- [PROMPT]:
Would you reproduce each line below exactly, leaving every picture out?

- [RECORDED INFORMATION]:
════
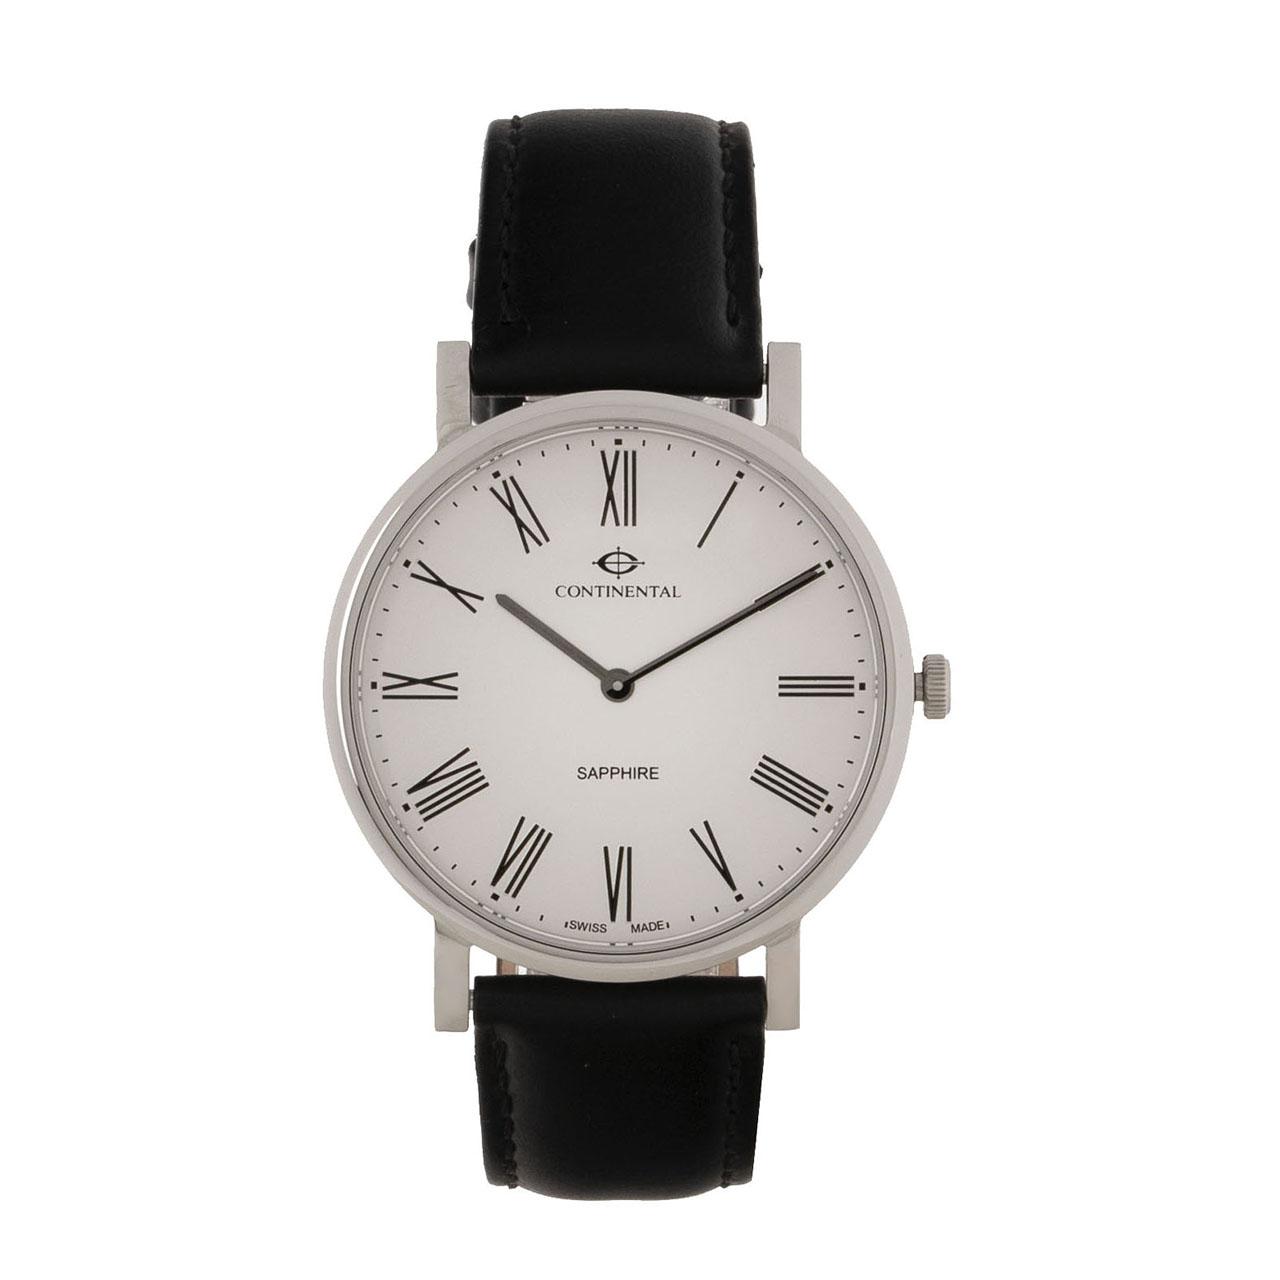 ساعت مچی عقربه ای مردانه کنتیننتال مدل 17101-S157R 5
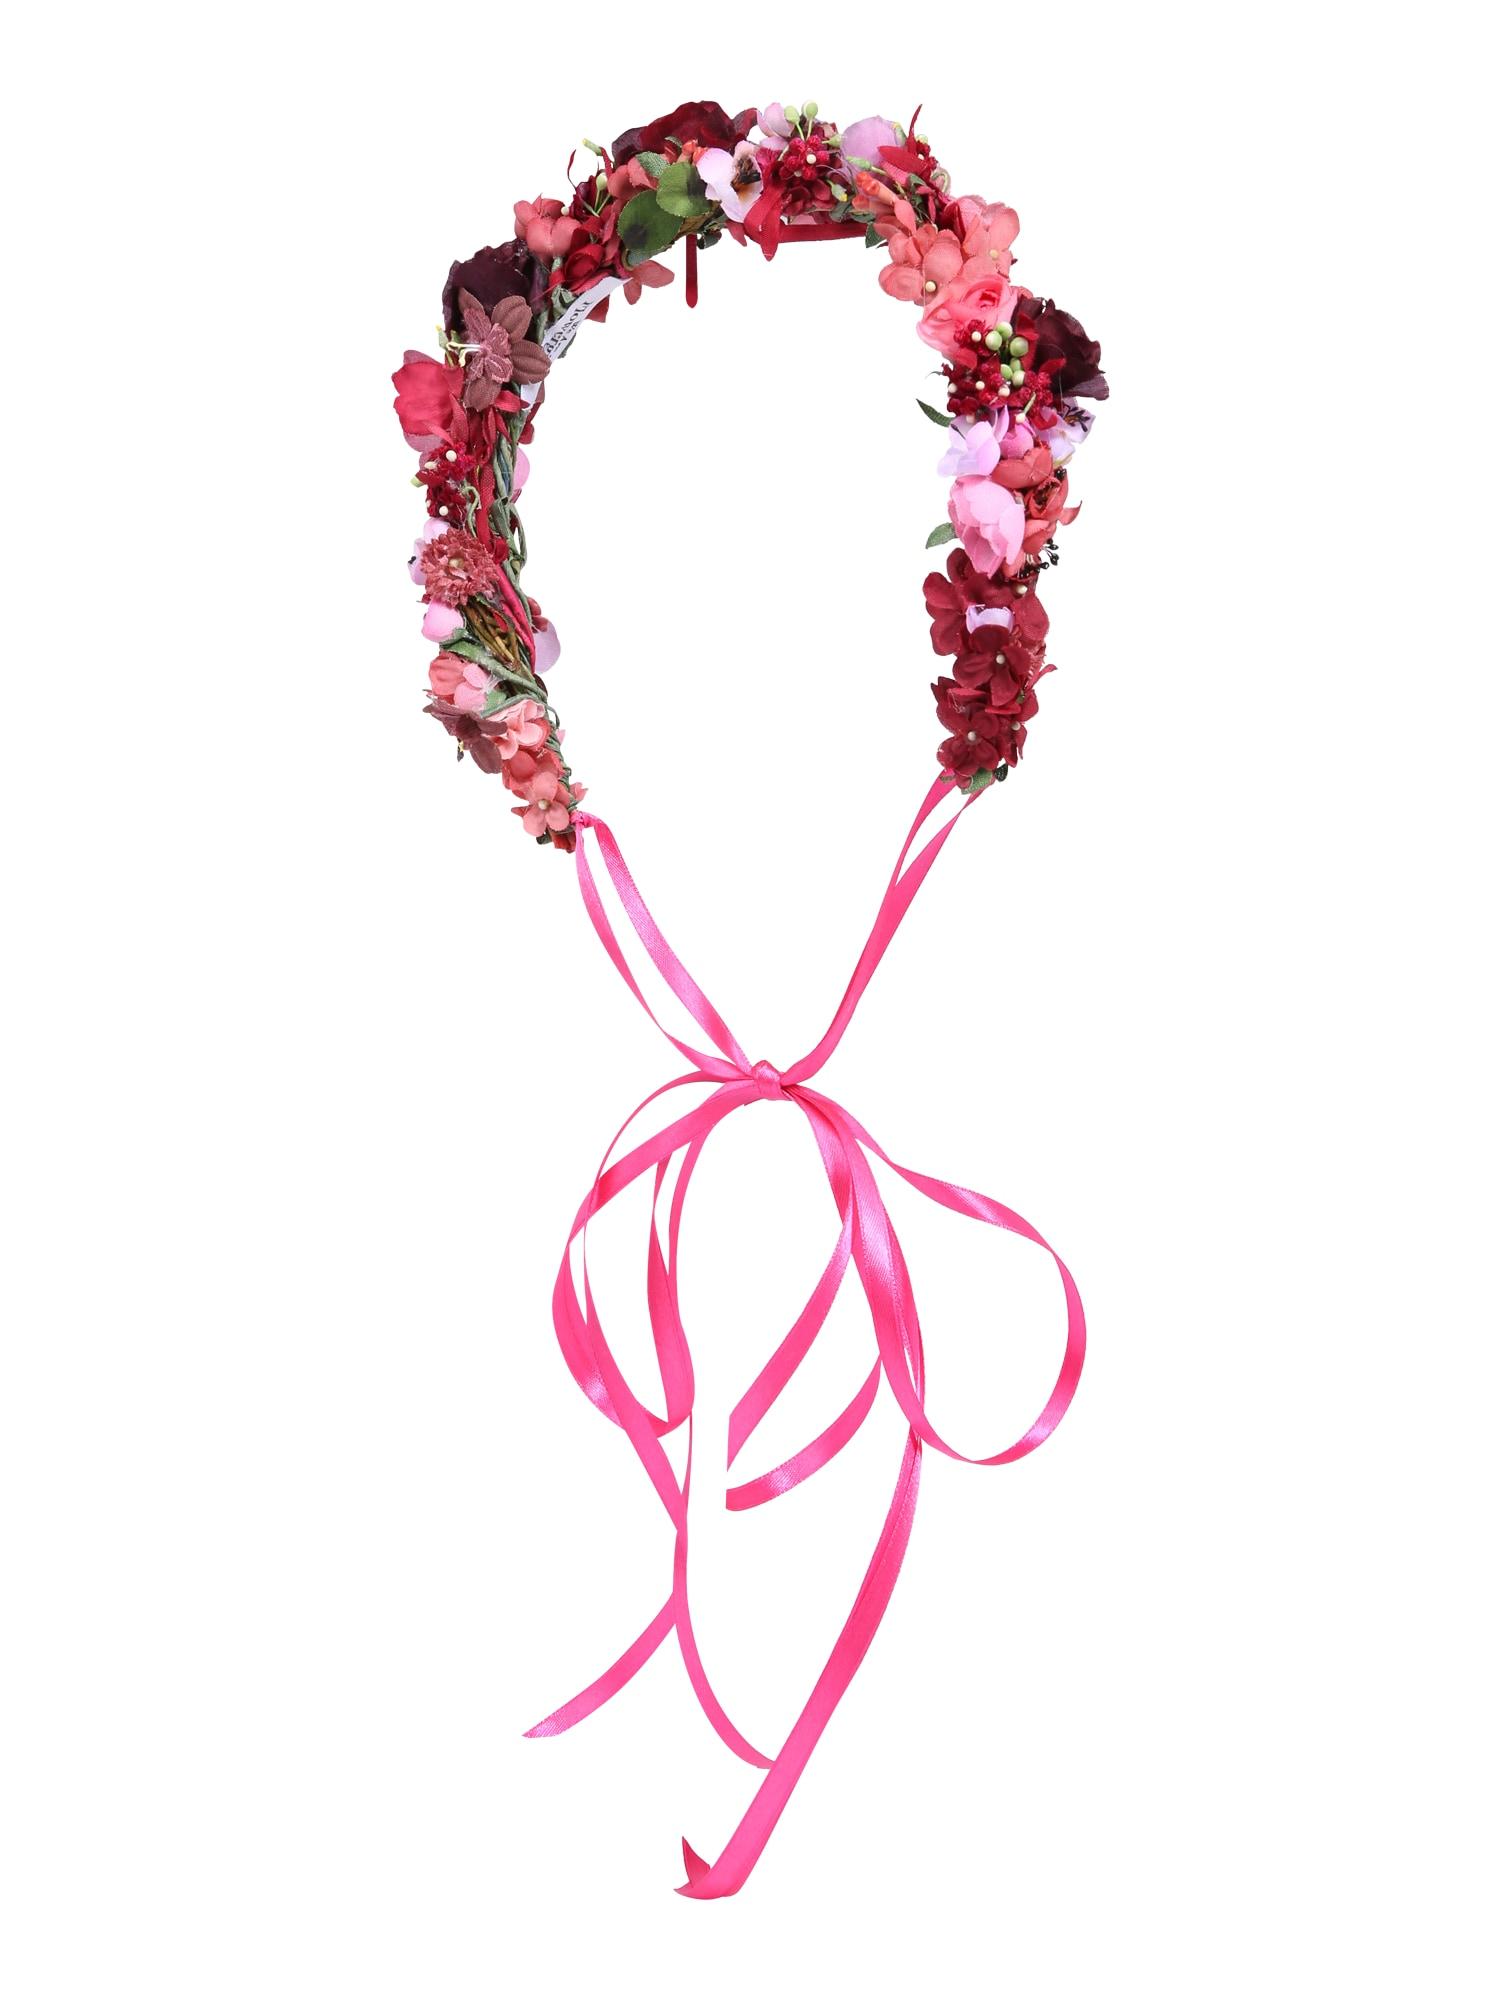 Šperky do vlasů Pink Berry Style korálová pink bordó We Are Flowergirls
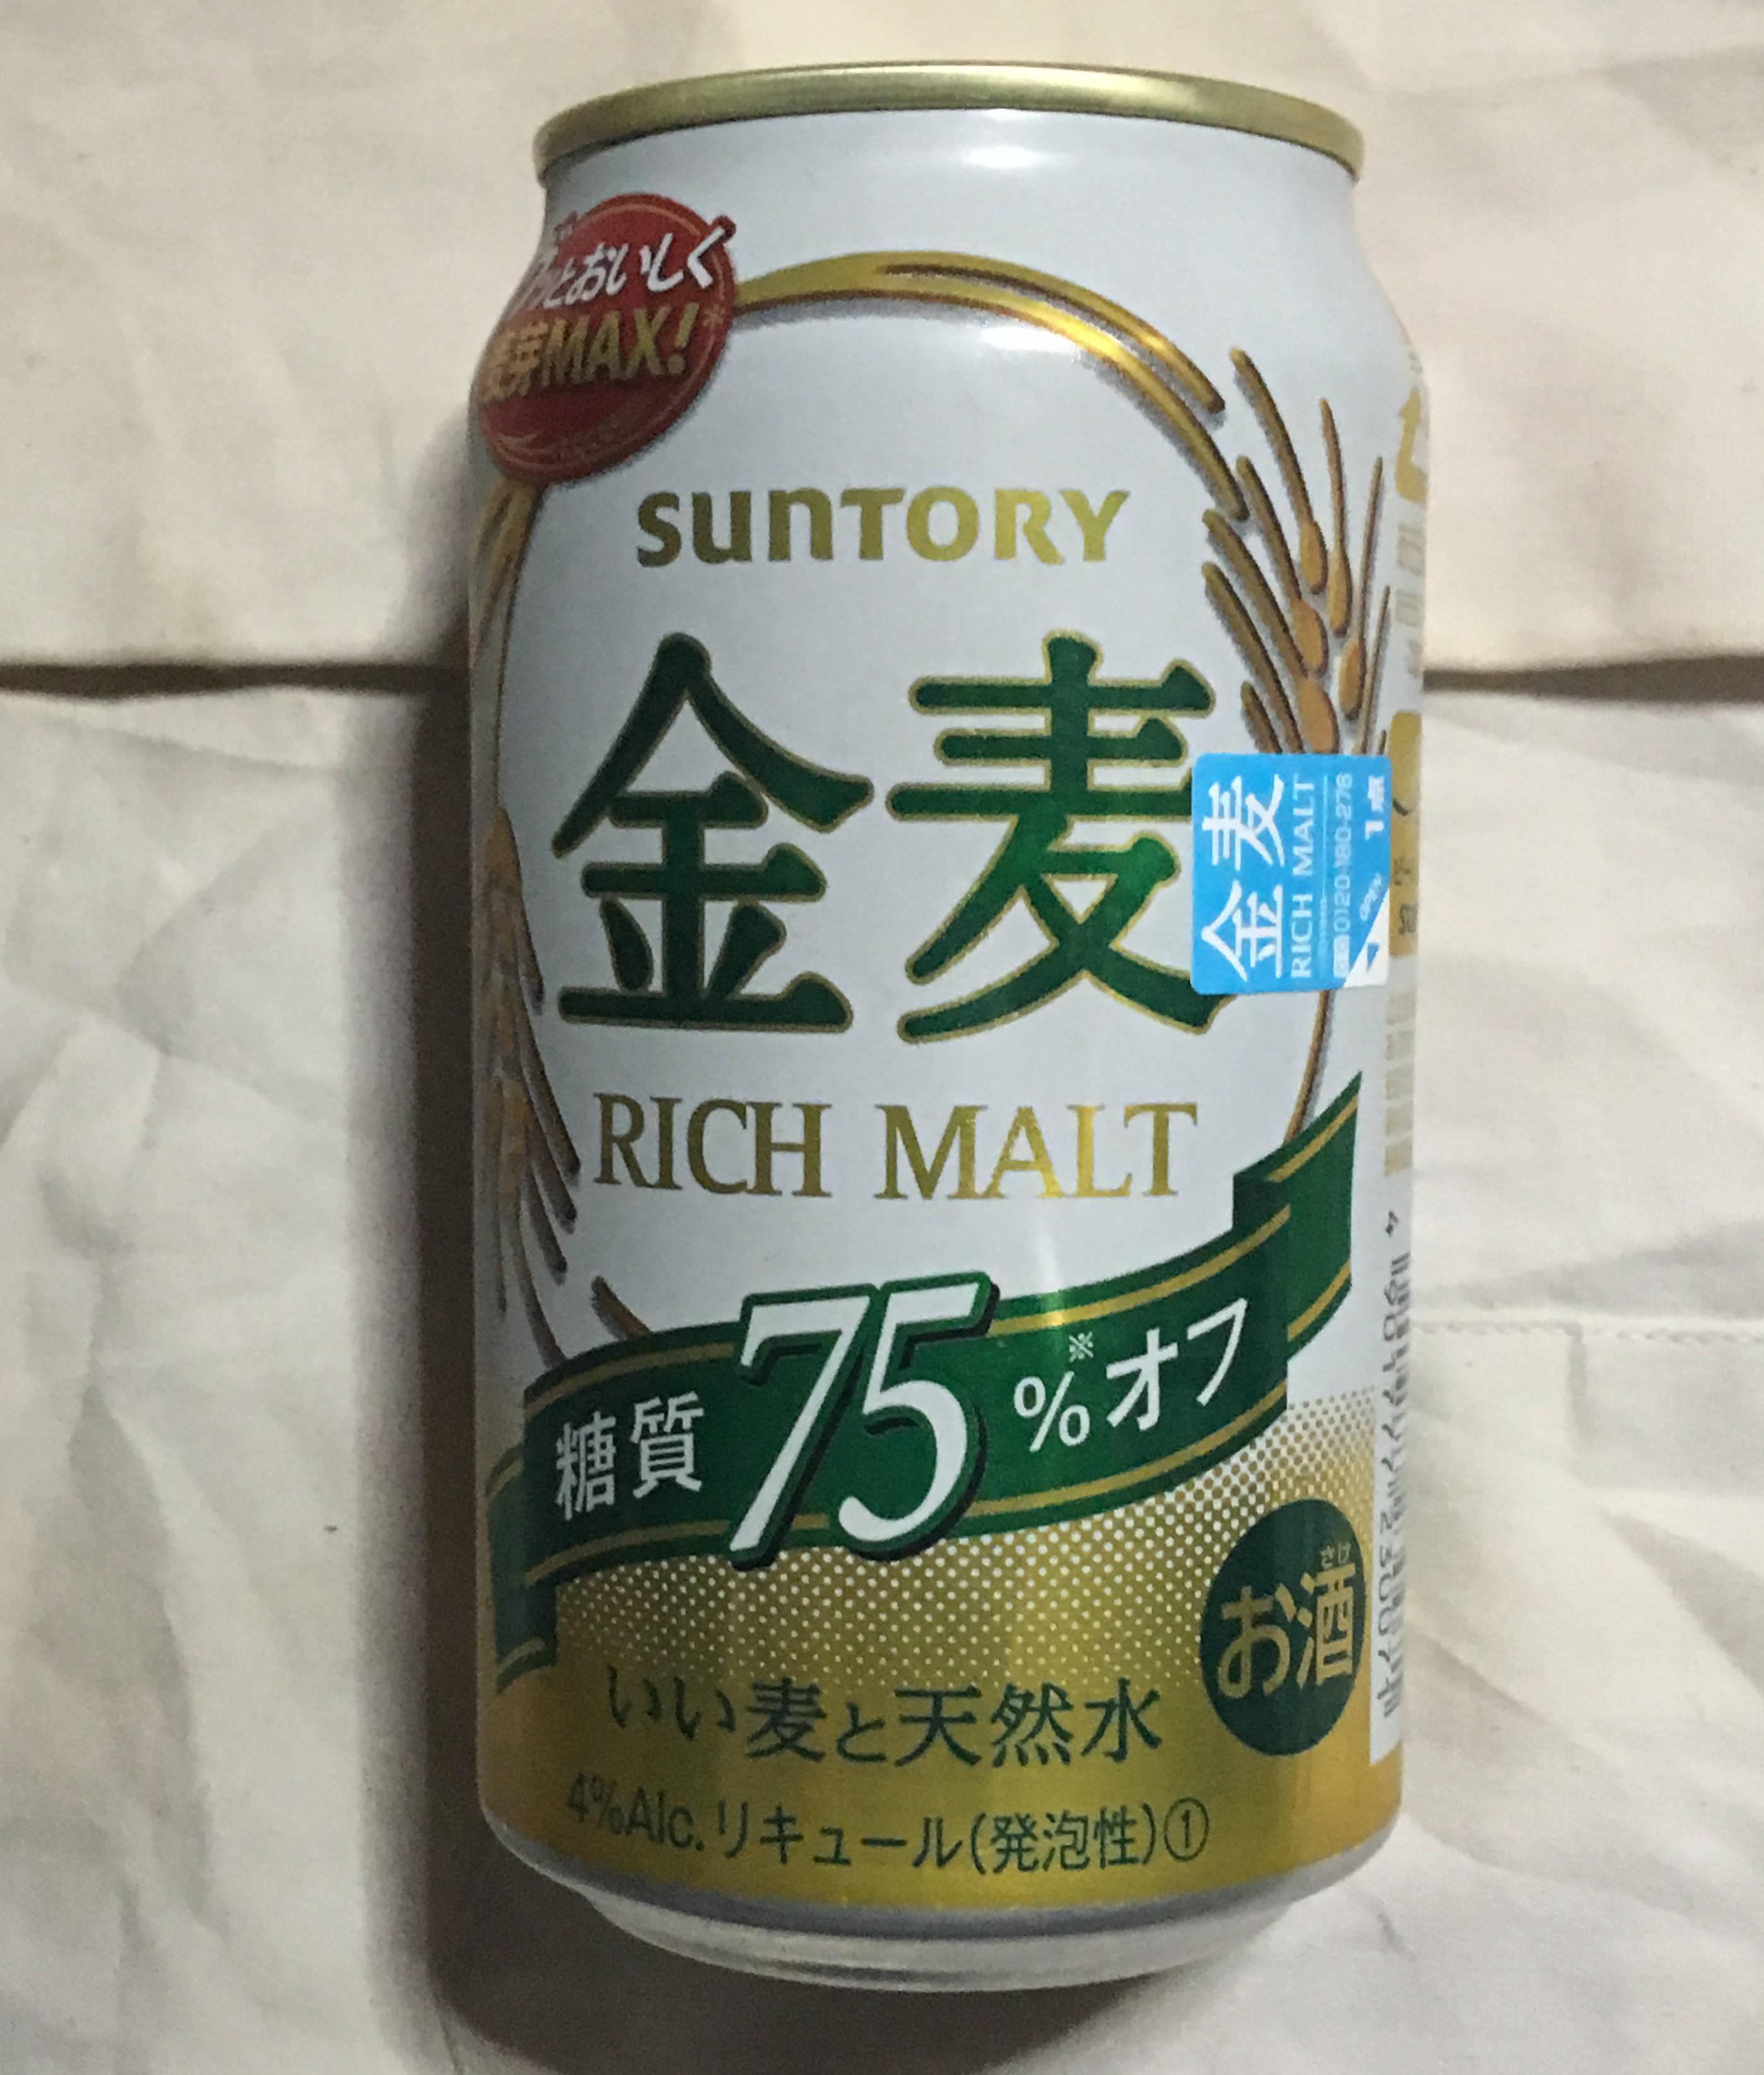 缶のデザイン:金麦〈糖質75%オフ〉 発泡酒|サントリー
════
- [RESULT OF THIS EXERCISE]:
 ساعت مچی عقربه ای مردانه کنتیننتال مدل 17101-S157R 5
 Šperky do vlasů Pink Berry Style korálová pink bordó We Are Flowergirls
 缶のデザイン:金麦〈糖質75%オフ〉 発泡酒|サントリー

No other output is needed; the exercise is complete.